Chlorhexidine bathing in the ICU zaps VRE and MRSA
In a study funded by the Centers for Disease Control and Prevention, nurses at four academic medical centers performed daily bed bathing of all patients from the neck down—first with nonmedicated soap and water for 6 months, then with chlorhexidine gluconate (4 oz of 4% solution mixed in warm water) for 6 months. Surveillance cultures for vancomycin-resistant Enterococcus (VRE) and methicillin-resistant Staphylococcus aureus (MRSA) were done on admission to the intensive care unit (IICU) and at least weekly or on ICU discharge. Rates of MRSA and VRE acquisition were 32% and 50% lower, respectively. The VRE bacteremia rate decreased by 73% with chlorhexidine bathing, whereas the MRSA bacteremia rate remained low and unchanged throughout the study period.
Read more at PubMed.
European Society of Hypertension proposes lower limit on BP thresholds
In guidelines to be published September 2009, the European Society of Hypertension (ESH) will recommend 120/70 mm Hg as the lowest safe blood pressure (BP) threshold for high-risk patients. Recommendations will be included for lowering BP in those older than age 80 to help prolong quality of life.
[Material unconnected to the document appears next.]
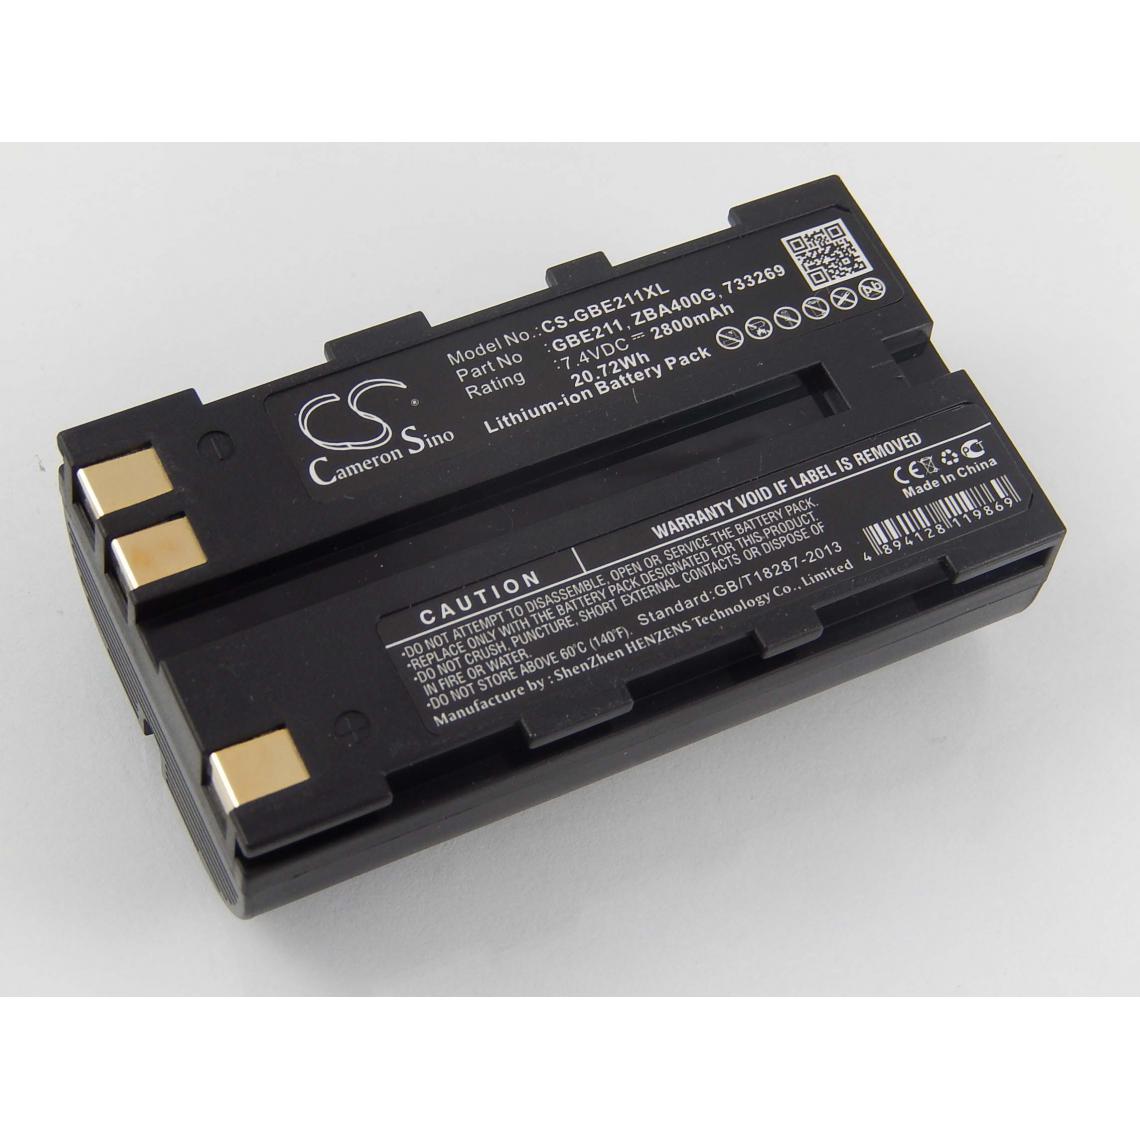 Vhbw - vhbw Batterie compatible avec Leica GS20, RCS1100, RX1200, RX900 dispositif de mesure laser, outil de mesure (2800mAh, 7,4V, Li-ion) - Piles rechargeables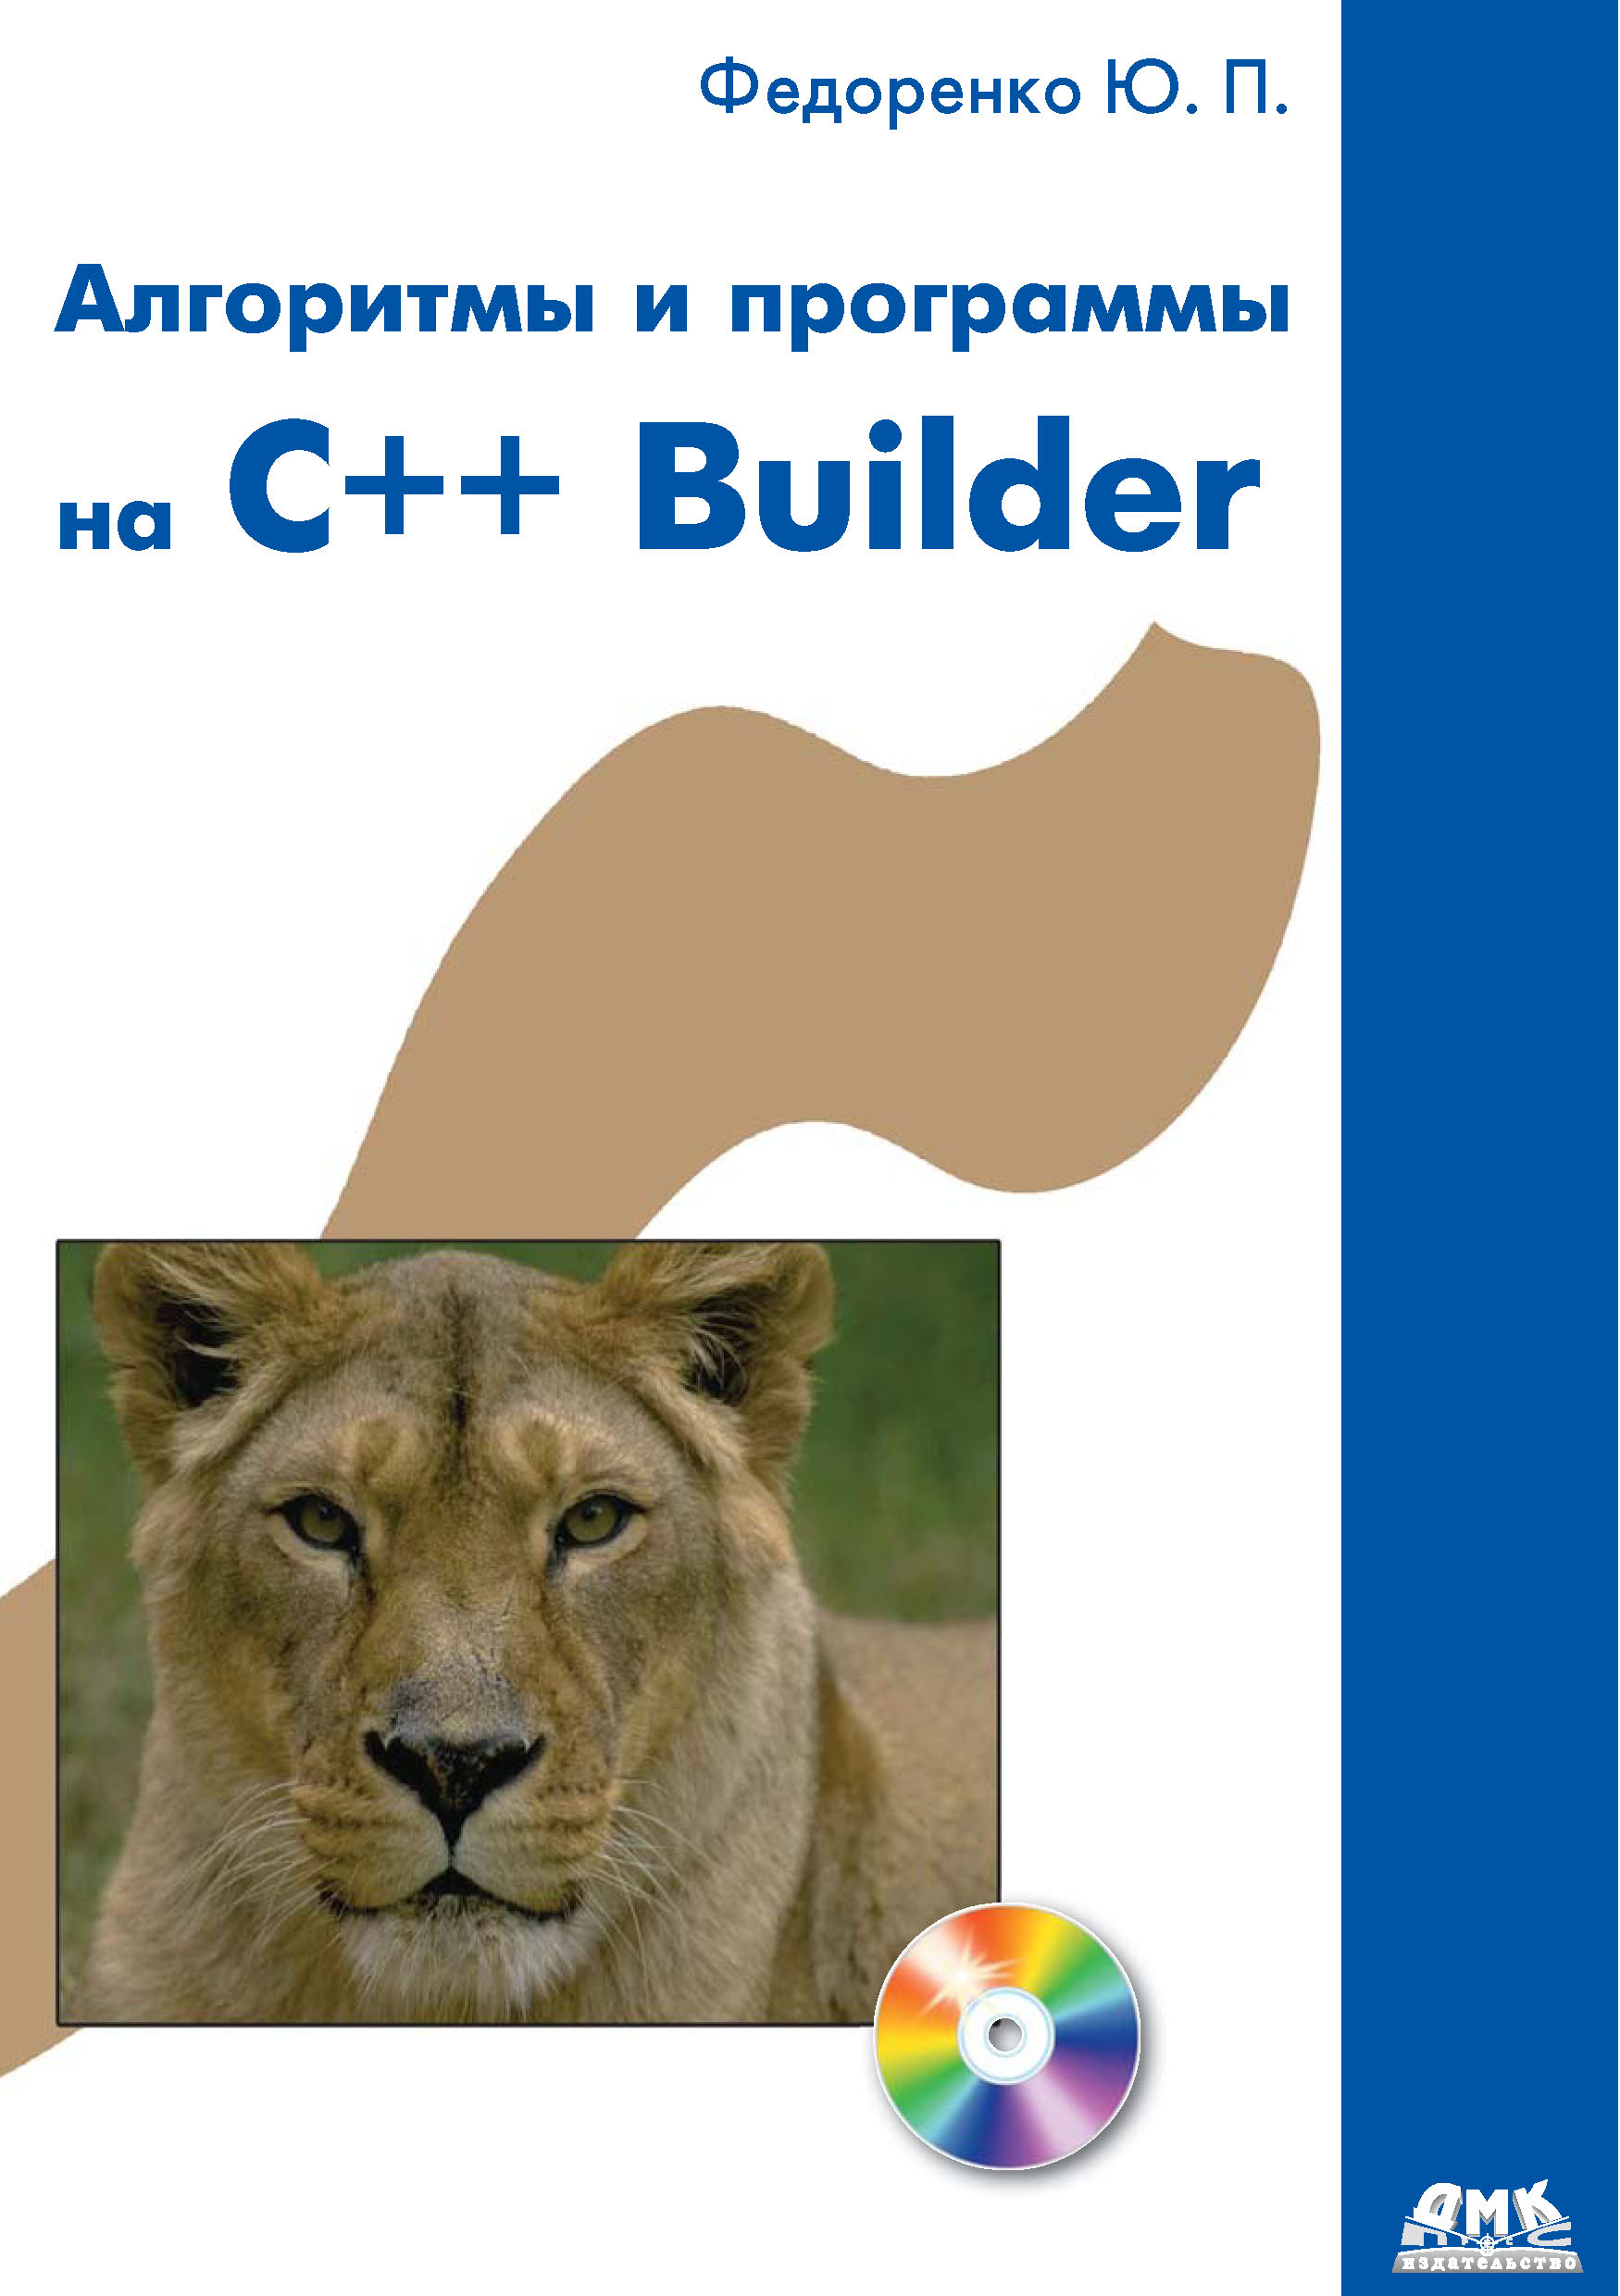 Книга  Алгоритмы и программы на C++ Builder созданная Ю. П. Федоренко может относится к жанру программирование. Стоимость электронной книги Алгоритмы и программы на C++ Builder с идентификатором 22072517 составляет 319.00 руб.

The guidelines no longer will recommend which antihypertensives should be used first-line, second-line, and so forth. Instead, the advice is to tailor therapy to patient circumstances. New American guidelines on hypertension (the eighth edition of the Joint National Committee on Prevention, Detection, Evaluation, and Treatment of High Blood Pressure, or JNC 8) are expected later this year.
Read more at Medscape:
Nurses are at risk for suits
A new Nurse Claims Study developed by Healthcare Risk Management Week, Aon Affinity’s Nurses Service Organization (NSO), and CNA HealthPro found that more than $94 million in indemnity payments and expenses have been paid over the course of the 10 years analyzed to nurses covered by NSO insurance, and an additional $43 million is set in reserve for open suits. Obstetrics/gynecology nurses have the highest average paid indemnity at $335,000; adult medical/surgical nurses have the overall highest total dollar paid indemnity with nearly $30 million aggregate (56% of all closed claims). Thirty-eight percent of claims came from hospital inpatient settings (excluding emergency departments’ 7.8%).